Пронзительный скрип нарушил затянувшееся молчание. Подвижный, как ртуть, Коляда истомился от ожидания и нетерпеливо заерзал на стуле. Один из самых результативных инструкторов-вербовщиков мог позволить себе многое. На его счету более десятка удачных забросок разведгрупп в тыл к русским. Две последние, осевшие под Кутаиси и Орджоникидзе, вот уже три месяца выдавали серьезную информацию, и это говорило само за себя. Надежность бывшего капитана Красной Армии тоже не вызывала сомнений, ее проверил не только лейтенант Райхдихт через своих тайных агентов, но и НКВД, отправив родителей на расстрел, а самого Коляду в Воркутинские лагеря. Затем была недолгая служба в штрафбате, где он не захотел искупить ни свою вину, ни вину родителей и при первом удобном случае дезертировал.

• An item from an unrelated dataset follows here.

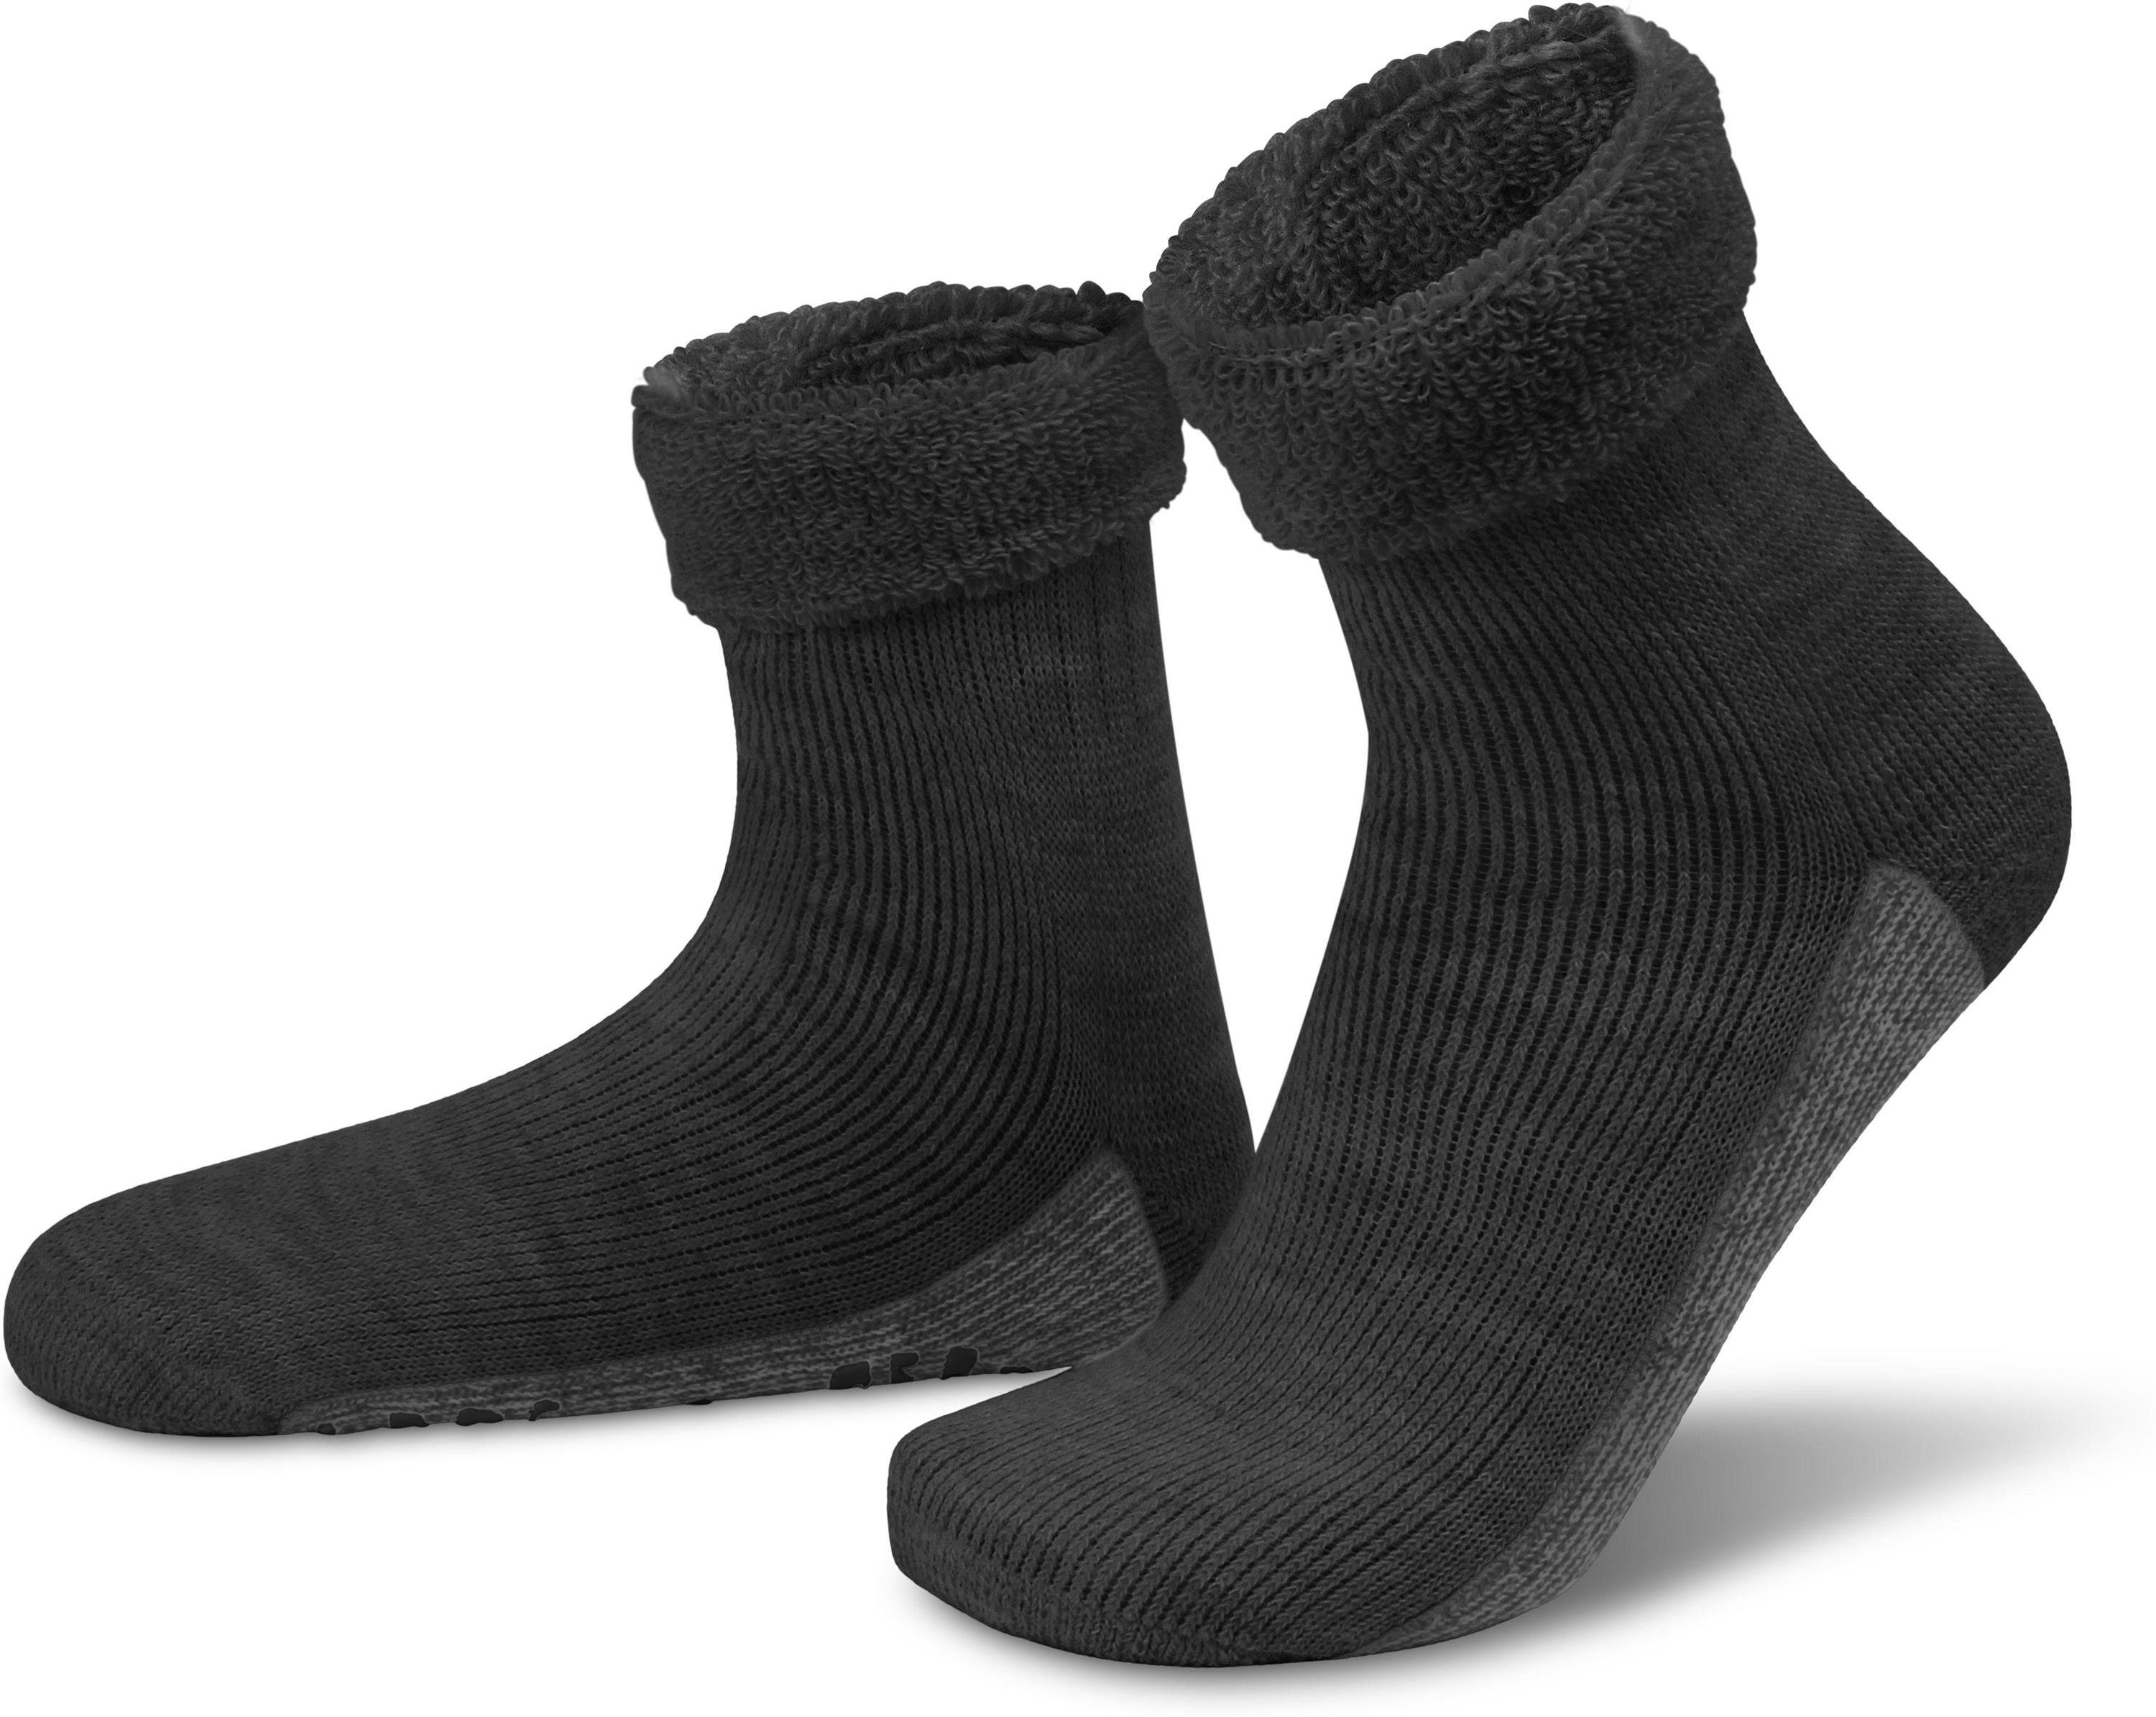 normani ABS-Socken Alpaka-Wollsocken mit ABS-Druck (1 Paar) hochwertige Alpaka-Wolle Anthrazit

Начальник отдела «Абвер 1» с 1935 по 1943 г. полковник Ганс Пиккенброк
«Так кто же, ты или Петренко? – размышлял Штайн. – Стоп! А если провал? Тут же нагрянет комиссия из Берлина, и первое, чем сразу ткнут в нос, так это халатным отношением к заданию адмирала. Назначить руководителем группы русского?! Да ведь они через одного, как волки, только и смотрят, чтобы сбежать в лес к партизанам. Наверху такое назначение в лучшем случае расценят как халатность, а в худшем… Если еще приедет Штольце, то этот не пожалеет черной краски, чтобы сделать из меня козла отпущения. Прусак баварцу не товарищ – генетическая вражда между двумя народностями даст о себе знать. Штольце своего не упустит. Вначале размажет по тарелке, а затем сдаст в лапы СД. Определенно, русский, пусть и самый золотой, на такое дело не годится. Русских, куда ни целуй, везде выходит задница. Нет, здесь нужен только свой! По крайней мере, в случае провала операции “мясники” из департамента Мюллера не будут цепляться с дурацкими вопросами о моей благонадежности. Тогда кого же? Рейхера? Райхдихта? Кого?!»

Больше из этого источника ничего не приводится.